The Modified Schirmer test (MST) was also used to determine the unstimulated salivary-flow rate. The test strip was a 4-cm-long filter paper strip with a 1-mm scale interval from 5-35 mm along its length. The participants were asked to lean backward, swallow once to clear the residual saliva in their mouth, and not to swallow during the test. Moreover, they were asked to rest their tongue on their palate so the test strip would not touch their tongue. The test strip was held vertically with a cotton plier and the end of the strip was placed on the floor of the mouth on the right or left of the lingual frenum. When the strip contacted the moisture, the strip was wet and was recorded at 1, 2, and 3 minutes. The strip was removed for 2-3 seconds for reading [17]. The measurements ranged from 5-35 mm. When the measurement was less than 5 mm, 5 mm was recorded, and when it was higher than 35 mm, 35 mm was recorded [18]. Hyposalivation was assessed if the distance was < 25 mm at 3 min [17].

2.4. Oral Examination

One examiner did the oral examination for all the participants (VA). Clinical signs of reduced saliva secretion were evaluated using the clinical oral-dryness score (CODS). CODS is a 10-point scale in which each point represents a clinical feature of oral dryness [14, 19]. The total CODS was calculated by adding the scores from these features. A high total score specified more severe dryness.
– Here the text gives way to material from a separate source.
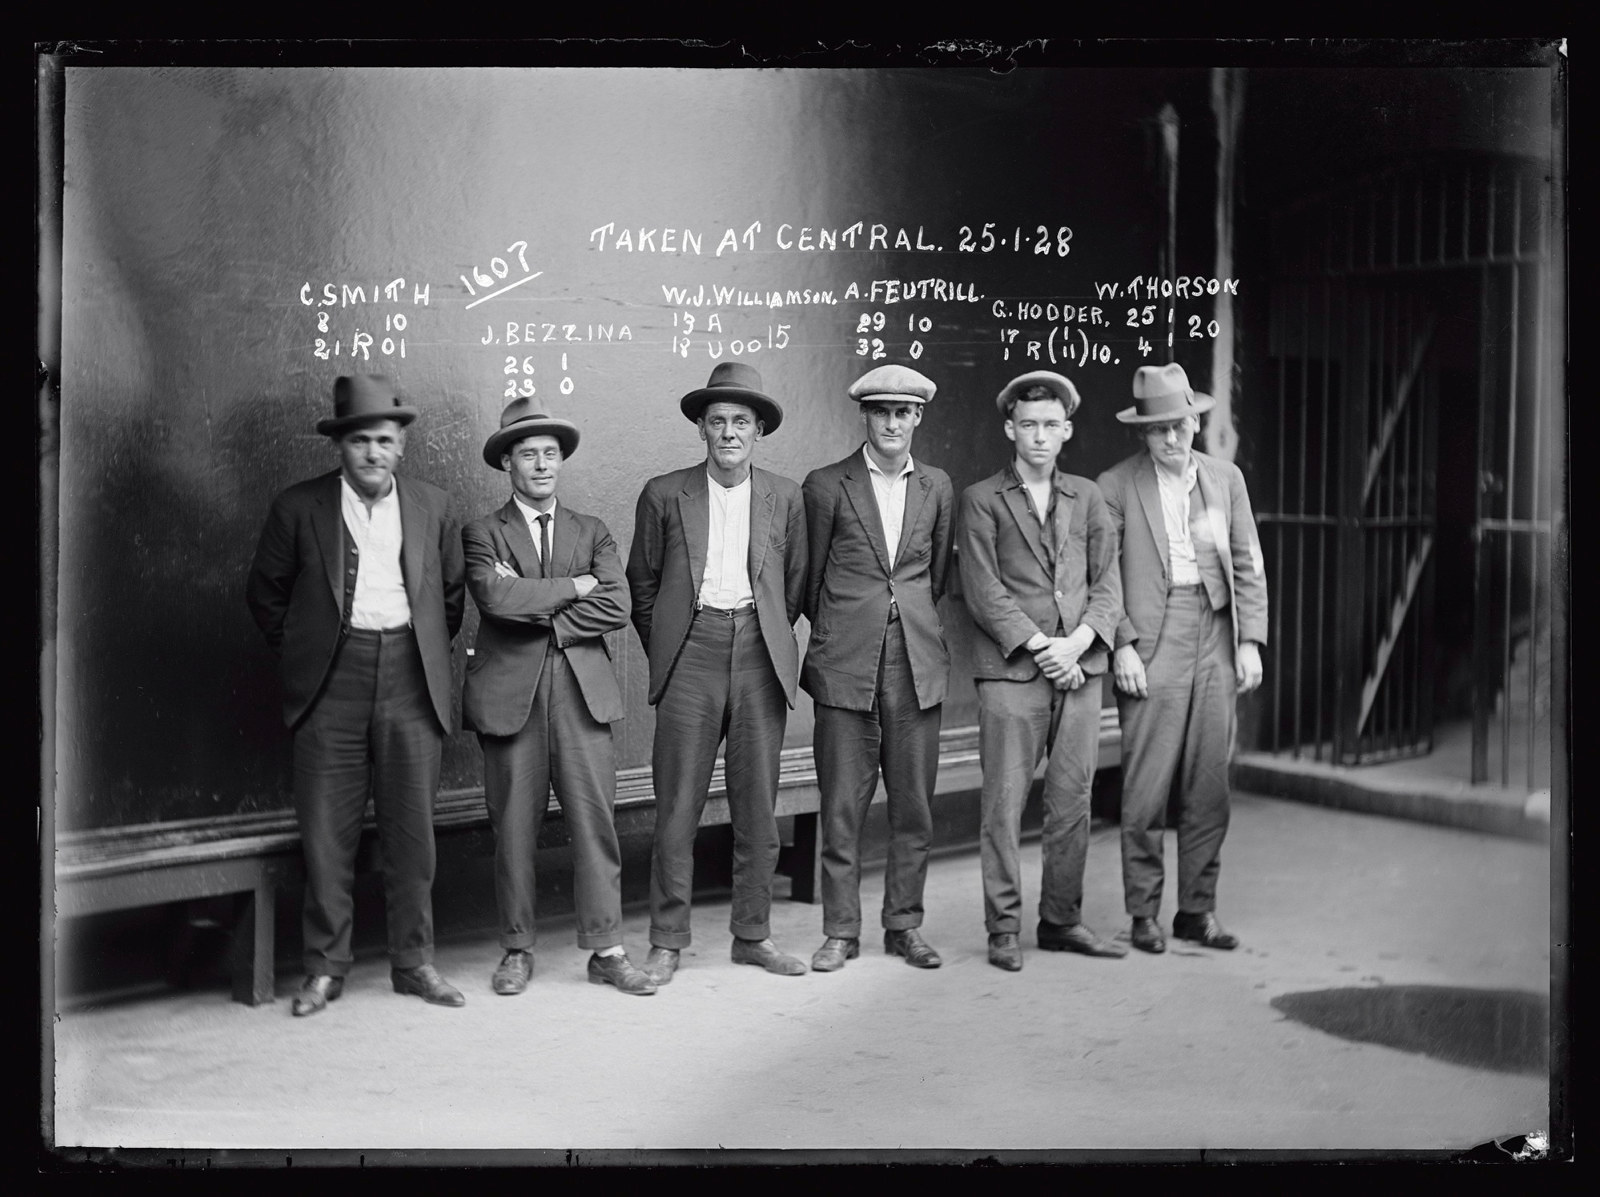 C Smith, J Bezzina, W J Williamson, A Feutrill, G Hodder and W Thorson, Special Photograph number 1607, 25 January 1928, Central Police Station, Sydney

Regarding OLP, the location, size, and duration of the oral lesions were recorded. The OLP severity was evaluated according to the Thongprasom score as follows: 0 = normal mucosa; 1 = lesions with only white striae; 2 = mixed keratotic and atrophic or erythematous lesions smaller than 1 cm2; 3 = mixed keratotic and atrophic or erythematous lesions larger than 1 cm2; 4 = erosive/ulcerative lesions smaller than 1 cm2; and 5 = erosive/ulcerative lesions larger than 1 cm2 [20].

2.5. Statistical Analysis

The statistical analysis was done using SPSS software, Version 25 (SPSS Inc, Chicago, IL, USA) for Windows. The difference in mean age between the two groups was compared by using the independent t-test. Sex and systemic diseases were compared using the Chi-square. The XI score, BI score, CODS, and salivary-flow rates were not normally distributed. Thus, the Mann-Whitney U test was used for the comparisons. The correlation between the variables was calculated by using Spearman’s rank coefficient correlation. The statistical significance was defined as a p-value of < 0.05.

3. RESULTS

3.1. Demographic Data and Clinical Presentation of the Study Populations

The participants in each group consisted of 25 women (83.3%) and 5 men (16.7%). The mean age of the OLP group and control group were 54.37 ± 13.05 years old and 54.77 ± 13.73 years old, respectively. There was no statistically significant difference in age and sex between the two groups (p > 0.05) (Table 1). Eight (26.7%) of the 30 OLP patients had systemic diseases, including thyroid disease (6.67%), followed by allergic rhinitis (3.33%), migraines (3.33%), seizures (3.33%), gastroesophageal reflux disease (3.33%), thalassemia (3.33%), and benign prostatic hyperplasia (3.33%). Four patients were taking medications that consisted of propylthiouracil (n=2), lamotrigine (n=1), and folic acid (n=1). In the control group, four patients (13.33%) had systemic diseases, including dyslipidemia (6.67%), thyroid disease (3.33%), and arrhythmia (3.33%). Two patients were taking simvastatin and one person was taking propylthiouracil.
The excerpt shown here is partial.